I last wrote about SpecKit in December of 2025 – an eon ago it seems. Since then, there’s been some epochal changes in how we use agents to write code – including Squad and other work orchestrating fleets of agents. In all this, it’s encouraging to note that SpecKit is moving forward in maturity level as well.
Over the past few days I’ve gotten a chance to get caught up with the latest evolution of SpecKit. This very popular project has undergone a significant pivot, moving to a modular “kit” ecosystem.
For teams looking to scale AI-assisted engineering without drowning in “token burn” or architectural drift, here are the key takeaways from the latest SpecKit developments.
Extensions and Presets
SpecKit has moved away from trying to be everything to everyone in its core code. Instead, it now uses a catalog model. Two big changes here have to do with extensions and presets:
Extensions: There are now over 80 community-driven extensions. (See the full list here – it’s getting quite long!) These allow you to add new commands (like visual GUIs or deployment triggers) without bloating the core engine. One example here is AI-Driven Engineering, which has a very cool workflow very distinct from the traditional SpecKit flow:

Presets: This is perhaps the most powerful update for enterprise teams. This is the way you can adopt the SpecKit workflow to your own methodology or use your own org standards. It’s actually a fairly complex stacked override system. So just as an example – there’s one preset (Lean Workflow) that’s very light on ceremony – just 3 files needed: spec, plan, and tasks.

But that’s just the beginning. There’s an interesting one on Accessibility, and another on Fiction Book Writing, or an enhancement to /clarify called VS Code Ask Questions. Anyway Presets look like a fantastic way to add your special spin to how SpecKit does its work.
Automating the SDD Cycle with Workflows
The introduction of Workflows transforms SpecKit from a manual CLI tool into an automated engine. Workflows chain the entire SDD cycle—from constitution to implementation—with built-in human-in-the-loop gates.
- Gated Approvals: The workflow will pause for review/approval/rejection at key milestones.
- Resumable Runs: If a process is interrupted, workflows maintain state, allowing you to resume exactly where you left off.
- Deterministic Automation: Unlike “Fleet” agents that can be unpredictable, workflows provide a step-based, procedural path that reduces unnecessary LLM hallucination.
I would say this is more for advanced / experienced teams – eliminating those gated steps might be a little jarring for some who are newer to using SpecKit / SDD.
Tools and Measuring the Cost of Quality with Token Analyzer
There’s a lot of cool SpecKit aligned content and tooling.

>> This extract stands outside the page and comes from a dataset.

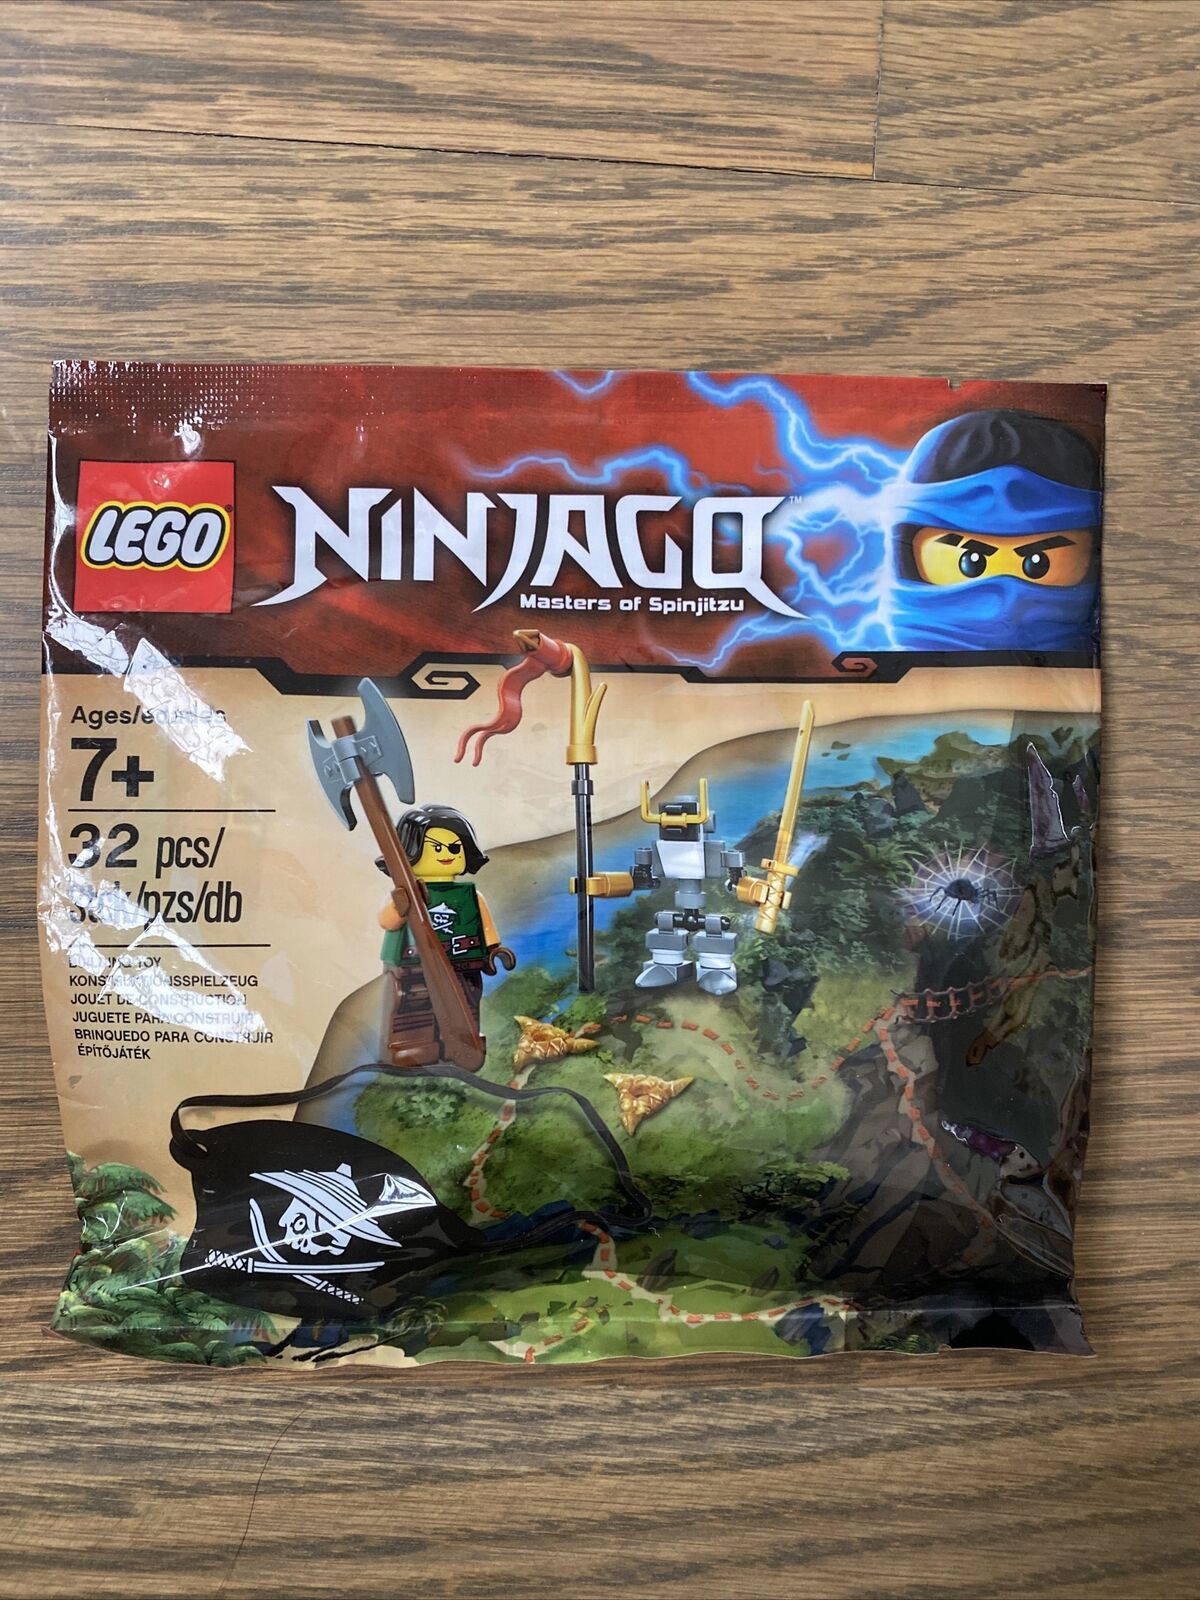 LEGO LEGO Ninja Go Masters of Spinjitzu, 32 Pcs/stck/pzs/db, BRAND NEW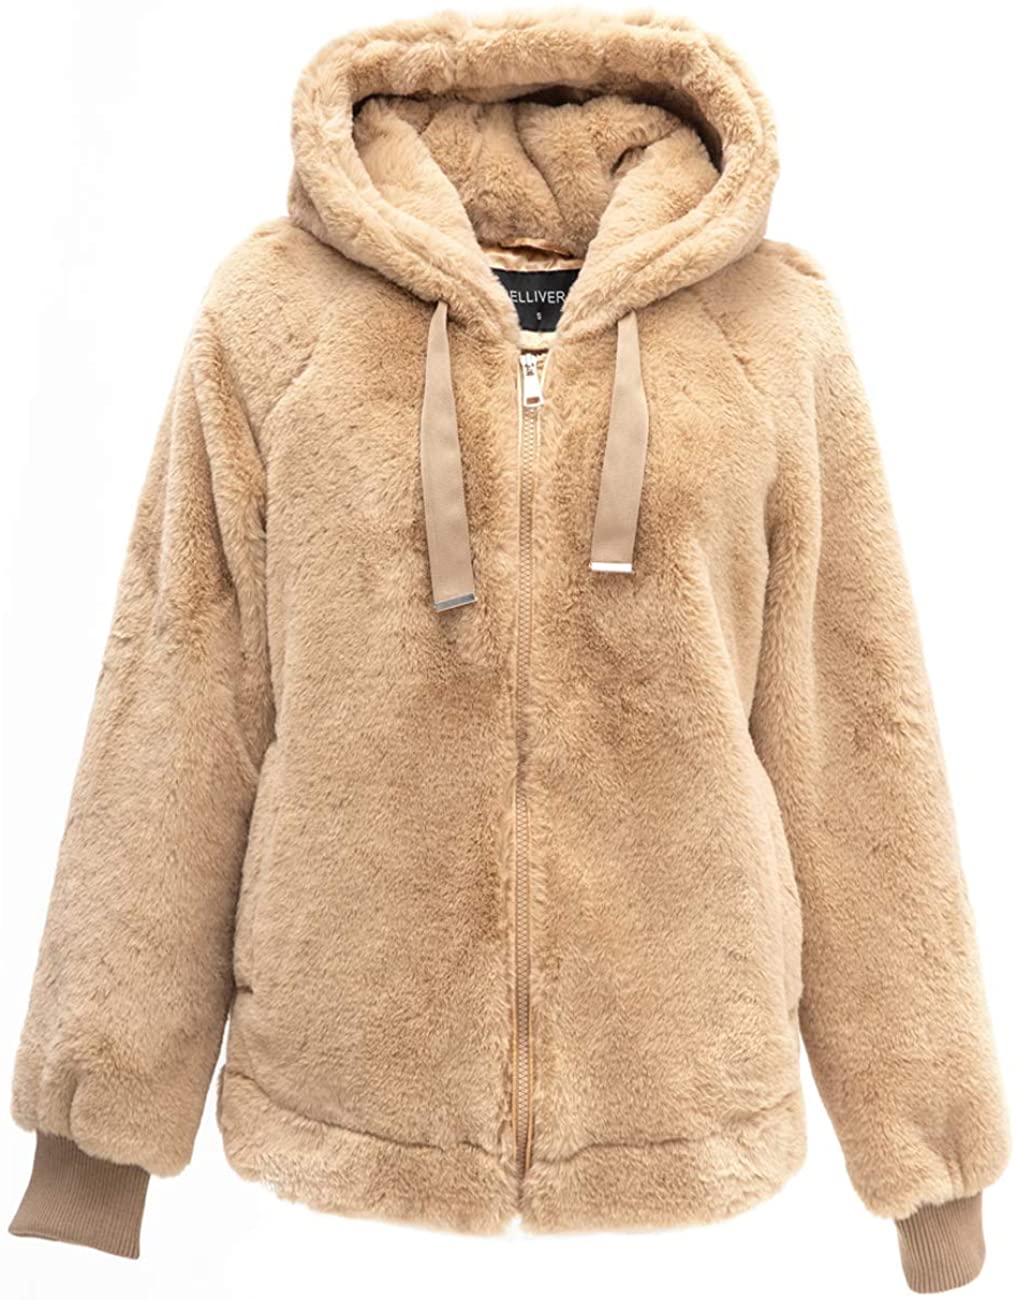 The Sherpa Shearling Fuzzy Jacket with Hood Fall and Winter Fashion 2021 Bellivera Women's Faux Fur Fleece Coat

For example there’s a visual GUI you can add:

But that’s not the best one I found. I’m working with quite a few enterprises as GitHub has made the pivot to Usage Based Billing, trying to control costs. I like this extension (?) very much – the Token Consumption Analyzer. This answers what often required lots of manual analysis – whether changing your model or prompt actually save tokens, and is it costing us in terms of quality?

Pro Tips for Better Implementation
Here are three immediate tactical shifts for your workflow:
- Stop Using Personas: Recent research suggests that telling an LLM “You are an expert architect” can actually degrade performance. It narrows the model’s focus too much. Instead, focus on the task and provide rich context.
- Manage Your MCP Servers: Tools like Azure DevOps or Figma MCP servers are great, but they add overhead to every request. Turn them off once you move from the specification phase to implementation to save on token costs.
- Positive & Negative Testing: Don’t just ask for “tests.” Explicitly require both positive and negative test cases. Also, avoid chasing fixed code coverage percentages (e.g., “must be 100%”), as the token cost to reach those final few percentage points often outweighs the value.
The Bottom Line
SpecKit is maturing into a professional-grade orchestrator that rewards context over complexity. Structured SDD can deliver working implementations even in complex existing codebases. I think the last two paragraphs of the excellent brownfield walkthrough sums it up quite nicely:
“The more interesting takeaway is the ceiling, not the floor. Even with a thin spec, a bare plan, and no analysis pass, the agents produced a running, end-to-end implementation that required only conversational follow-up to debug and verify. … For teams considering this workflow: the agents are only as good as the context you give them. Treat speckit.specify, speckit.plan, and speckit.analyze as investments, not formalities. The implementation will reflect the quality of the artifacts that precede it.”